The S.D.F., which has almost never fought the Syrian
government or its allies, has suggested that the agreement entails allowing
Syrian forces to enter its areas and raise the Syrian flag, to deter Turkey
from attacking. It says it will retain its military structure and control of
local governing councils.
But the Syrian government has said it will require
the S.D.F. to disband and put its fighters into Russian-run fighting formations
like the Fifth Division, which has absorbed surrendering Syrian rebels from
other parts of the country. That would be more in keeping with precedent.
Damascus did once effectively cede the northeast to
Kurdish forces early in the Syrian uprising as it focused on quelling Arab
opposition fighters in the country’s more populous west. And until now, it has
even kept offices in two Kurdish cities and an airport.
Kurdish leaders, never fully trusting the United
States, have always kept channels open to Moscow and Damascus.
But Damascus has a long history of repressing Kurds,
and President Bashar al-Assad’s government is not known for making deals: In
areas it has retaken, it has insisted on total surrender, with no concessions.
And it has punished those who defied it, conscripting and even disappearing
those who sought autonomy.
Some believe the Kurds may fare better. But in
majority-Arab areas, the mood is fearful. That opens a door for resurgence of
armed opposition, including extremists.
3. How are civilians being affected?
Some 160,000 civilians — many of whom have already
been displaced repeatedly — have already fled the border zone that Turkey is
attacking. Roads out of major cities are clogged, and families packed into cars
are telling reporters that they have no idea where to go. Routes to Turkey are
blocked.
Some are trying to flee to the Kurdish region of
Iraq, others to Syrian Democratic Forces territory further south, where militia
officials say they are relocating some refugee camps.
But both of those regions are exhausted and
destroyed after years of battling the Islamic State, and have few resources to
offer refugees. To make matters worse, the international relief group Mercy
Corps is pulling out of northeastern Syria because it can no longer reach
people in need. In a statement, it called that “a nightmare scenario.”
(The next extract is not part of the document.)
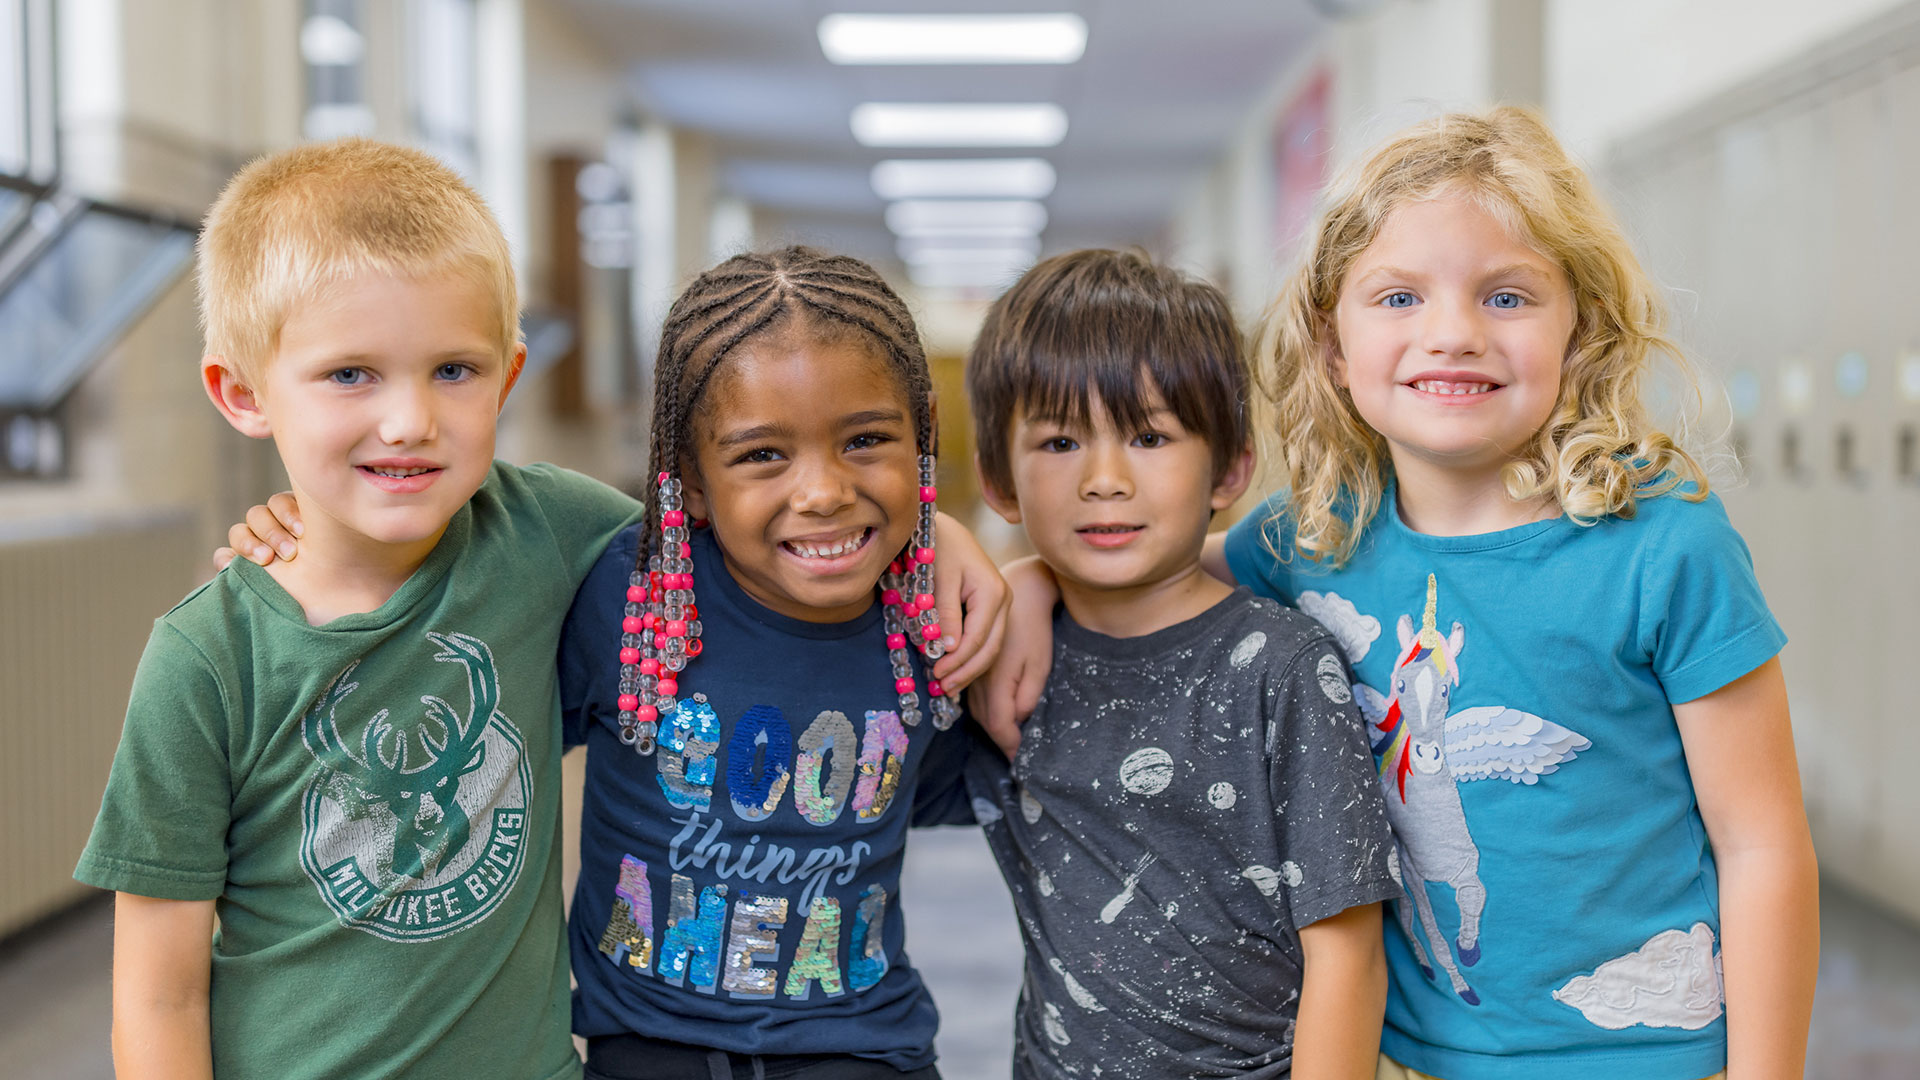 Four young children with their arms around one another in a school hallway.

Turkey has also said that it wants to push many of
the 3.6 million Syrian refugees living in Turkey over the border and into the
buffer zone it is trying to make in Syria, a move that would violate
international law. The largely rural area has no capacity to absorb that many
refugees, who come from all over Syria.
4. Will ISIS come back?
The chaos of the last week has opened the door to
two possible threats from ISIS: the escape of former fighters detained when the
group was defeated, and the reactivation of sleeper cells the militants are
believed to have put in place.
Thousands of suspected militants were being held in
detention facilities throughout S.D.F. territory. They include at least 2,000
foreign citizens whose home countries have so far refused to take them back.
Some of the prisons are located within the
30-kilometer strip that Turkey has vowed to seize. So are some of the camps
holding tens of thousands of people from areas once held by ISIS, including
many women and children.
Already, there have been reports of escapes, and
American forces were unable to extract dozens of high-value prisoners ahead of
the fighting. One prison, in the border city of Qamishli, was hit by Turkish
mortars on Friday, and five ISIS suspects fled in the aftermath.
S.D.F. guards have been trying to hold their
positions at the prisons, but it is unclear how long they can remain. The main
prison site, at Al Hol, lies outside the border strip, farther southeast toward
the Iraqi border.
There is also fear that ISIS sleeper cells
throughout the area could take advantage of the turmoil and reactivate; the
group has already claimed responsibility for one suicide bombing in Qamishli
since the Turkish operation began.
Many Arabs fear the return of the ISIS militants.
But the threat of a return of Syrian government forces — which could mean
torture or conscription, especially for young people in the opposition — could
tempt some to support any alternative, even extremists.